Companies don’t unleash the potential of their employees, not because they don’t have the right skills, but because of underlying beliefs about people and potential. A systemic failure.
To be able to help others become great you have to start with the assumption that they have greatness within them.
We think of ourselves as unique rational actors.
Recent developments in the space of behavioural economics has shown this to rarely be the case.
When others fail we attribute it to their failings eg they were not smart enough or didn’t try hard enough. However this is rarely the case.
We are apes who employ heuristics (shortcuts) a significant amount of the time. Our slow thinking superpower is employed rarely in day to day activities.
Something that is obvious to us may not be obvious to others.
We filter the world according to our mental models. How do we understand our mental models?
Put yourself in different situations and see how it feels. From there you can decipher what your model is. Eg individuals have shown great courage in the armed forces in a new situation such as the boardroom would be disoriented.
We operate within feelings.
Operate at the level of design – a goal of getting better. Design your workday as a series of experiments to figure out where your greatness lies. work becomes a place where you learn.
Experimentation makes you conscious in the moment. As you are forced to try different things and observe and record the results. Rather than fallback to default behaviour.
Confusion is indicative of the fact that you are having an experience that is different from what you expected.
Confusion tells you that your mental models are insufficient. Then you can ask yourself “I wonder what I actually expected?”
Brains work differently in different contexts.
It may not be your fault but it is your responsibility.
BSL Narrative – Bad, Stupid, Lazy
Seek to understand before you are understood. Ask questions to get to clarity. Can you help me understand? Trying to be introspective about your experience.
Most accusations are an act of confusion.
Managers are designers and clarifiers.
Management is viewed today as a control function, and a risk management function. So that all the stupid lazy employees don’t mess anything up.
Human beings (by and large) want:
- To do good work
- to feel valuable
- to have a sense of autonomy and mastery
How as a manager do you achieve goals while understanding that you are not dealing with a group of rational actors.
The foremost job of a manager is to focus on clarity – not control.
A manager achieves goals through the work of others.

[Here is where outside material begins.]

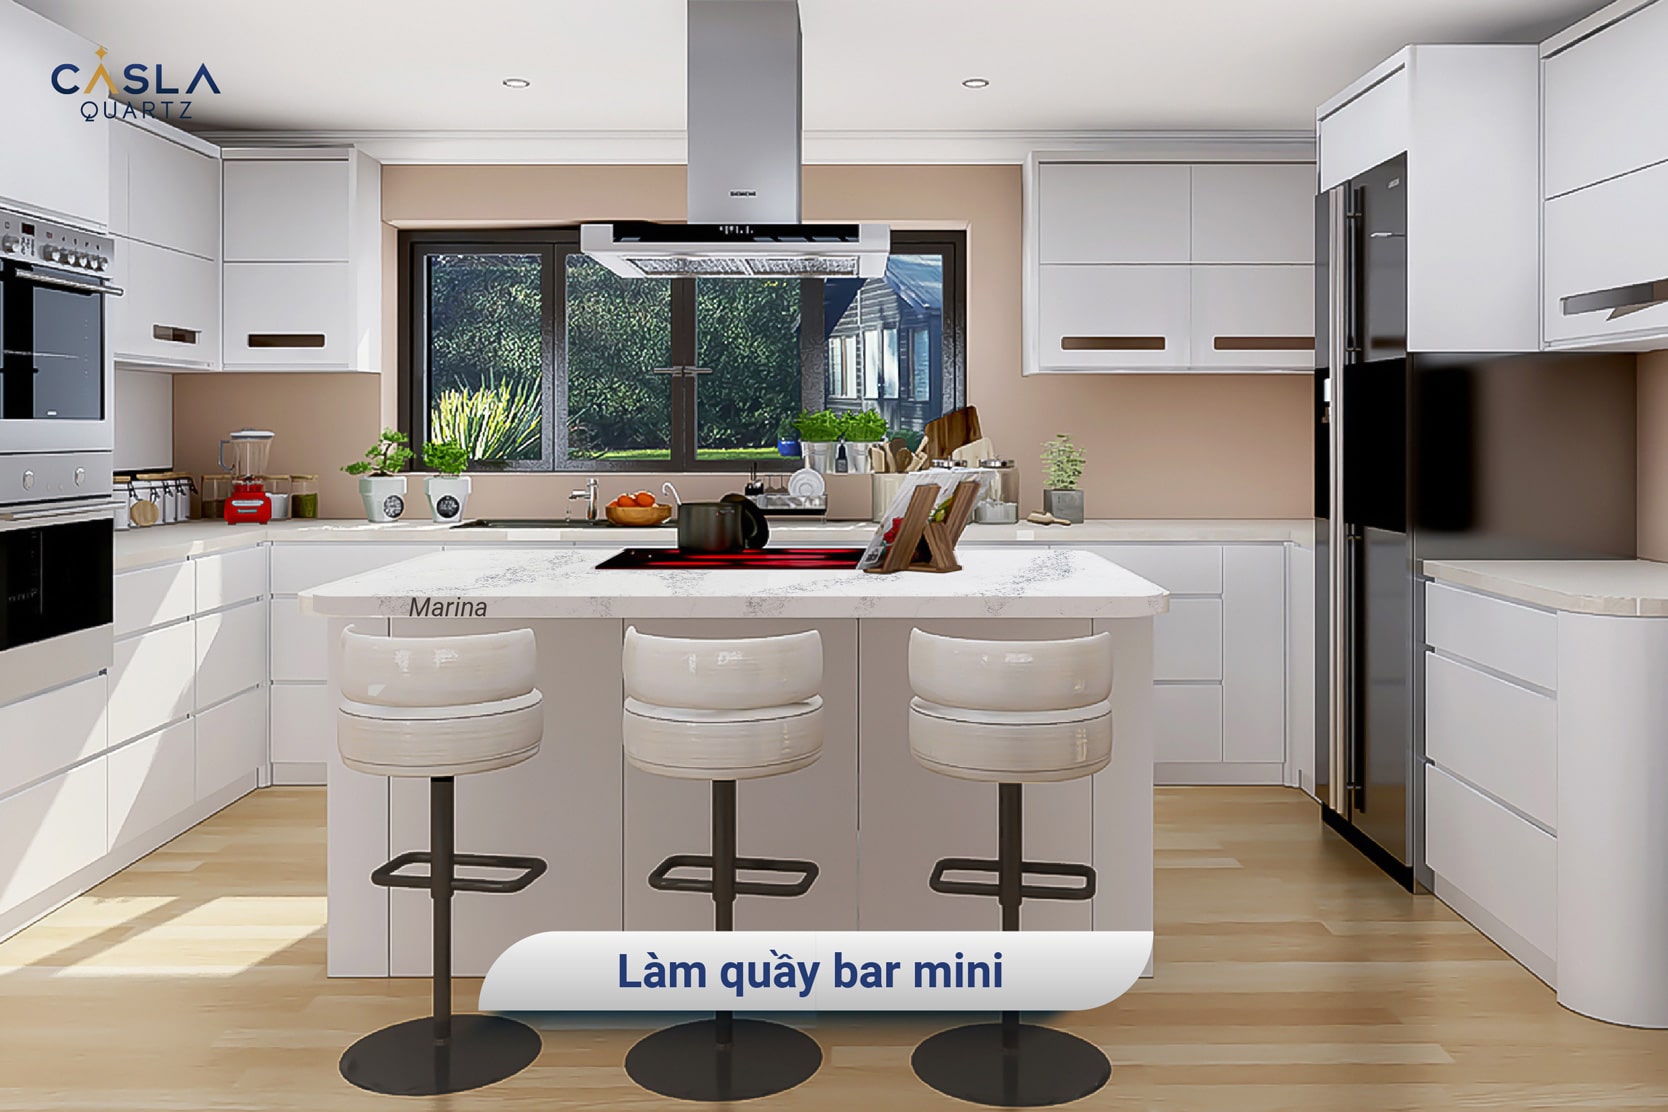 Mẹo thiết kế thông minh cho nhà bếp diện tích nhỏ: Quầy bar mini

For a team member to be maximally productive the manager needs to be crystal clear on these 3 things:
- Goals
- What are they
- How progress is measured
- What the measurement means
- Feedback / Diagnostic loop
- Most organisations do not make a clear statement of what the employee can expect as regards to the quality and frequency of feedback. and how it will be delivered.
- Without a feedback loop you can’t improve.
- Culture
- being specific about the behaviours that are accepted and punished within the organisation.
There are implied hire/fire authority in hierarchies.
There is a high price to pay for leaders to not answer the question of why they are doing certain things or certain decisions they have made.
What does good feedback look like
- Work out your confusion first – What does good look like. Get in sync with what is the standard.
- This is what I experienced. give transparency into your confusion
- What was your experience.
- Understand the difference between the standard agreed upon and what actually happened. How can that gap be addressed. Why did it happen.
Hiring is typically done “looking in the rear view mirror”, eg got to get someone in to do this job. A specification for the past. What would the job be in 9, 18 months? can a specification be written for the future state of the job.
Most human beings don’t know what they are good at.
People are bad at judging people’s fit for job roles. Worse than random.
If you hire someone you need to be by their side for an extended period of time.
Hiring a person is the easiest part. Managing is hard as it is an ongoing relationship. Getting to know each other. Are you in sync and understanding the same thing.
School doesn’t teach us how to think. School teaches us how to take tests.